BEGIN
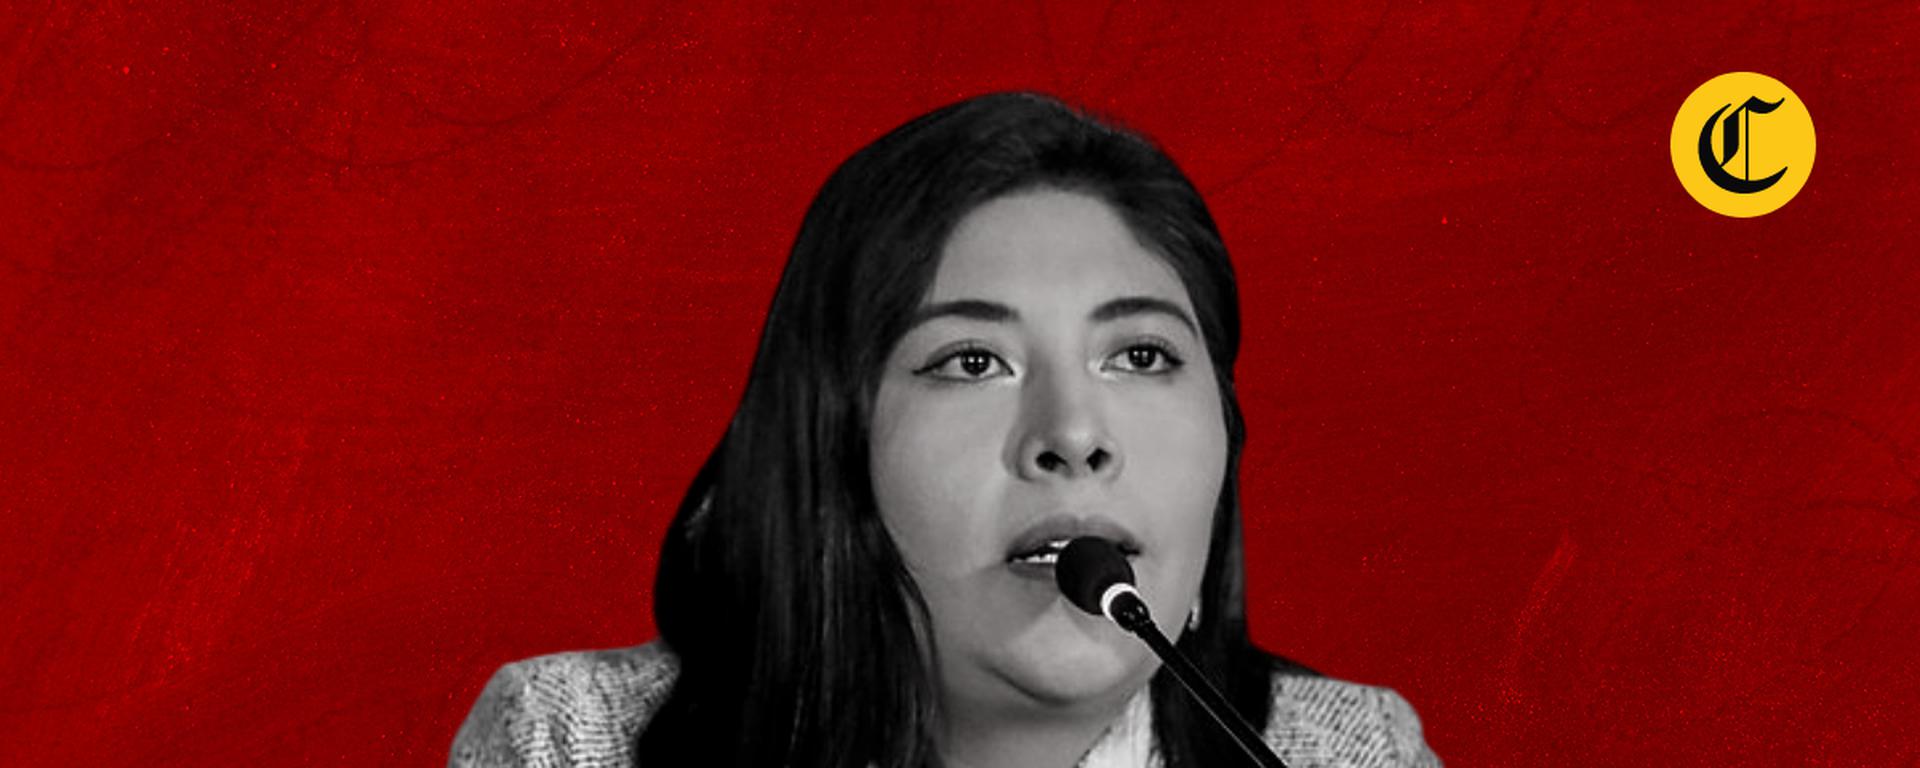 Betssy Chávez: las polémicas frases de su carrera política
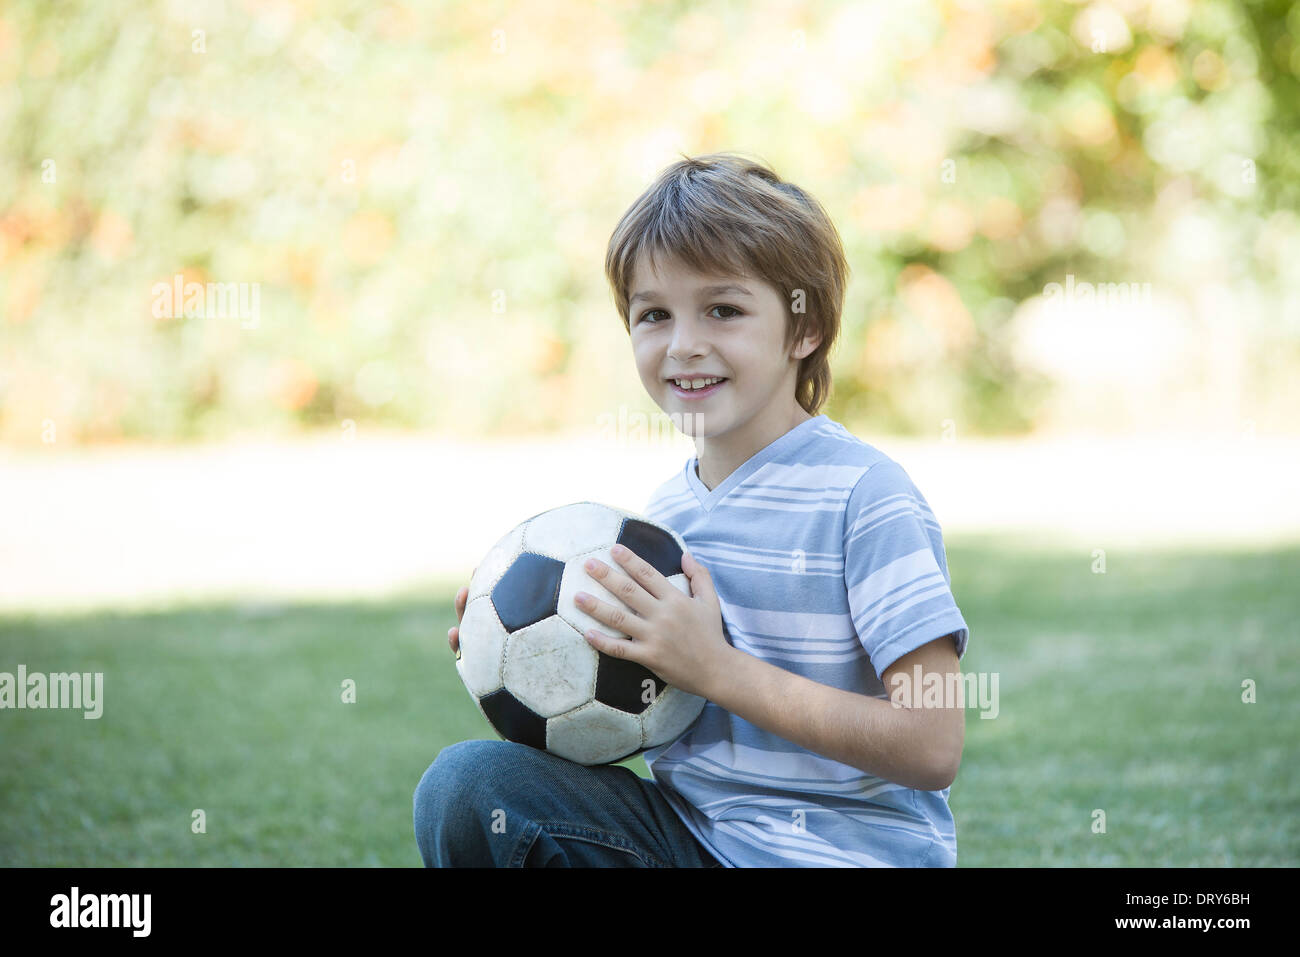 Boy holding soccer ball, portrait Stock Photo
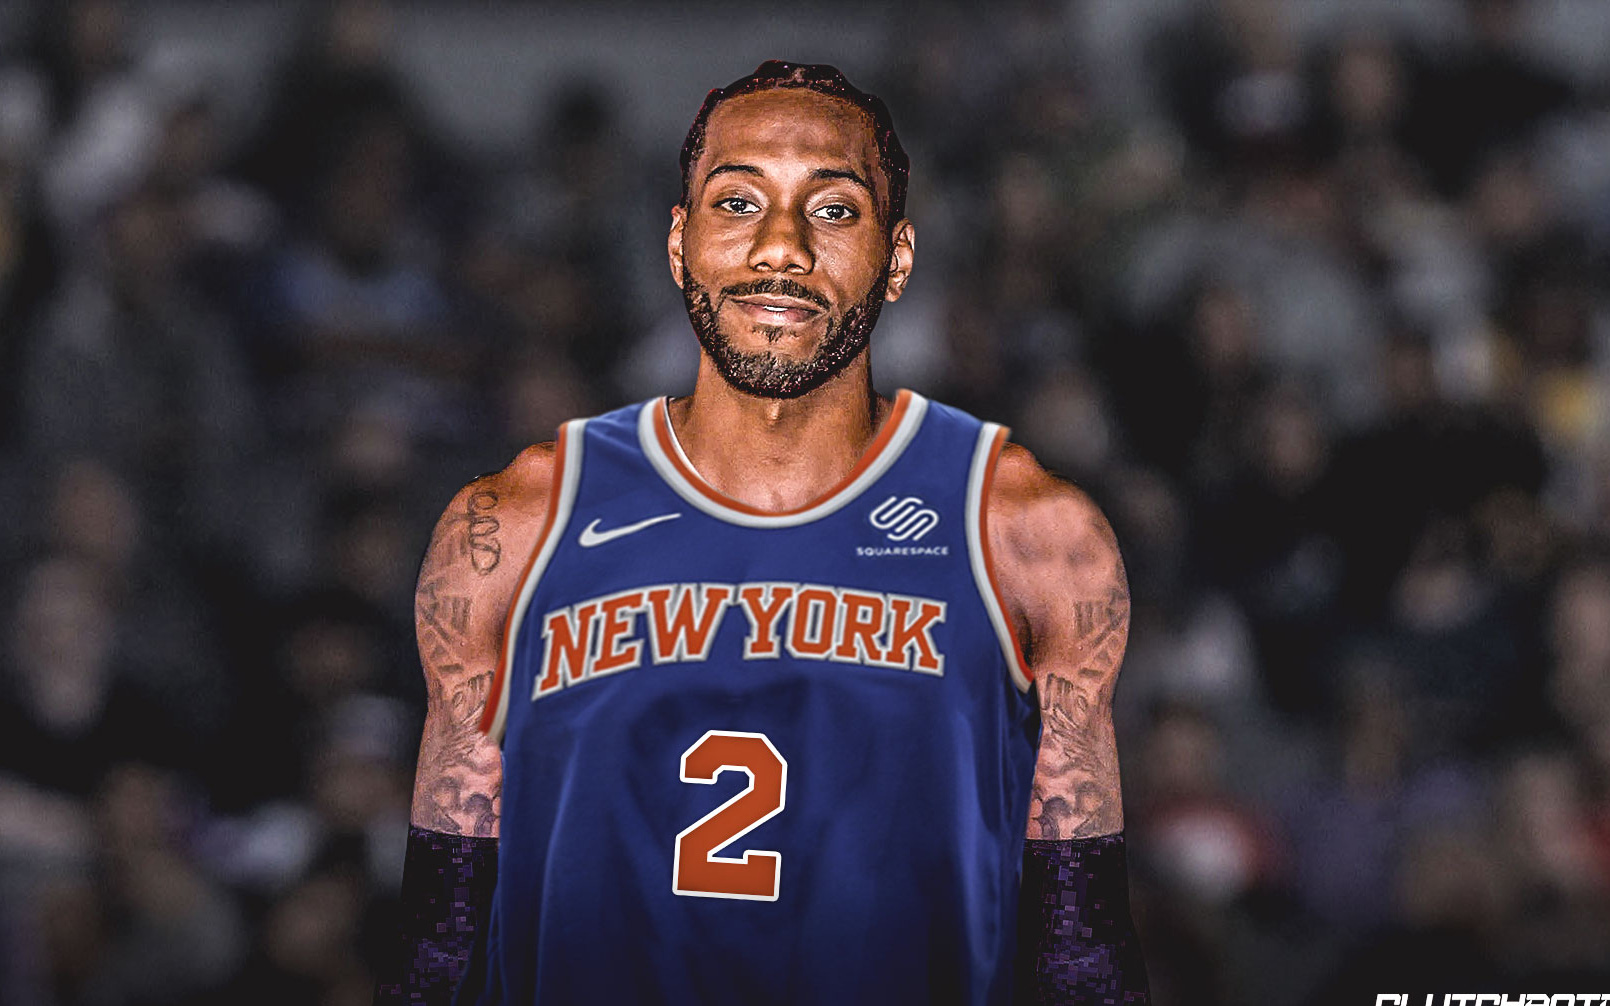 Rộ tin đồn Kawhi Leonard cập bến New York Knicks nếu Los Angeles Clippers sớm bị loại khỏi Playoffs 2021
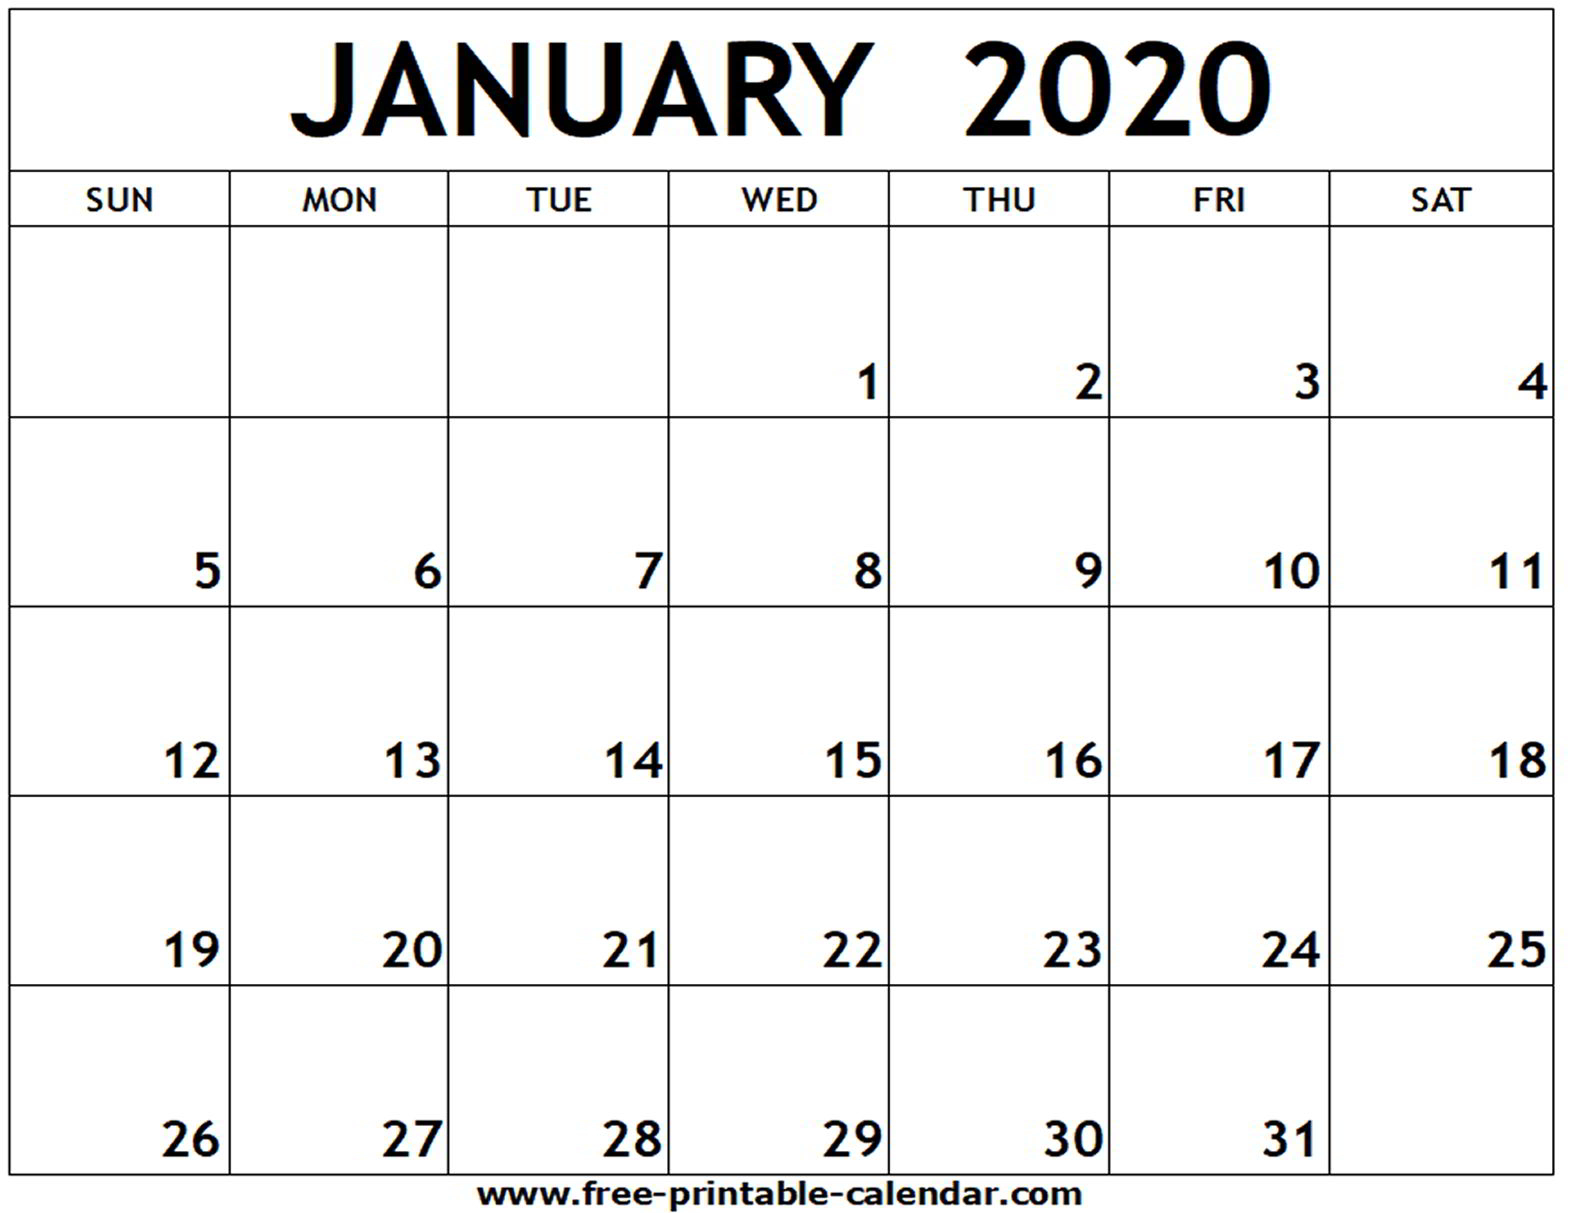 Print Calendar Free 2020 - Wpa.wpart.co
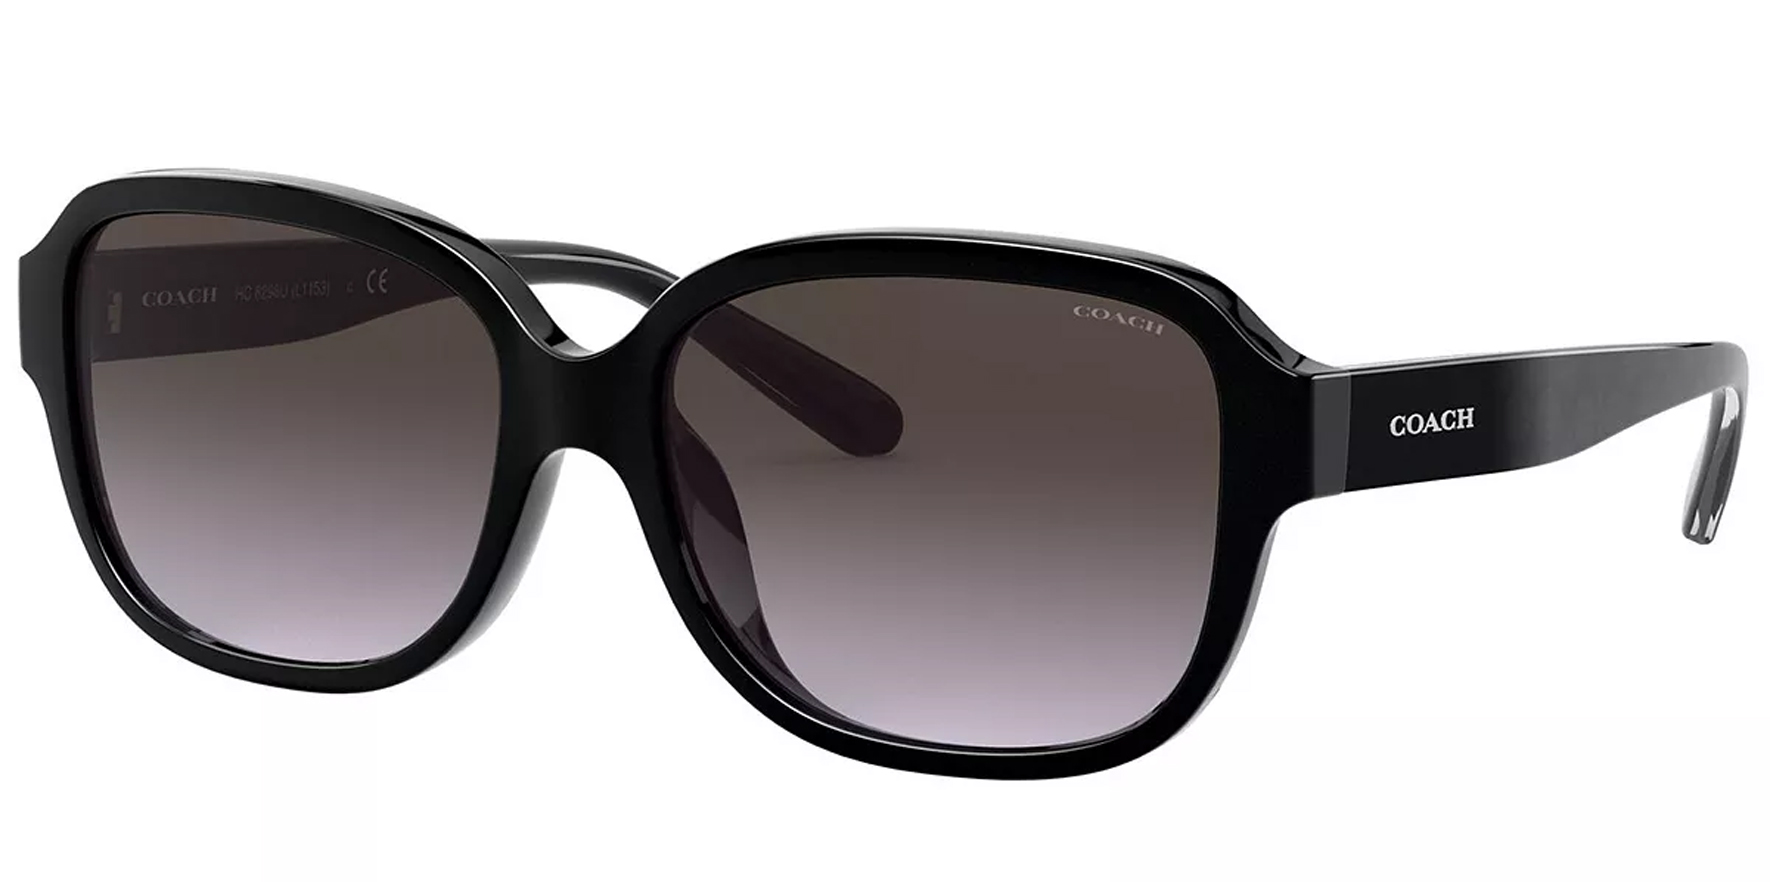 Coach Black Square Sunglasses w/ Gradient Lens
END
Reproduce the entries above exactly. Do not include the images.

 Betssy Chávez: las polémicas frases de su carrera política
 Boy holding soccer ball, portrait Stock Photo
 Rộ tin đồn Kawhi Leonard cập bến New York Knicks nếu Los Angeles Clippers sớm bị loại khỏi Playoffs 2021
 Print Calendar Free 2020 - Wpa.wpart.co
 Coach Black Square Sunglasses w/ Gradient Lens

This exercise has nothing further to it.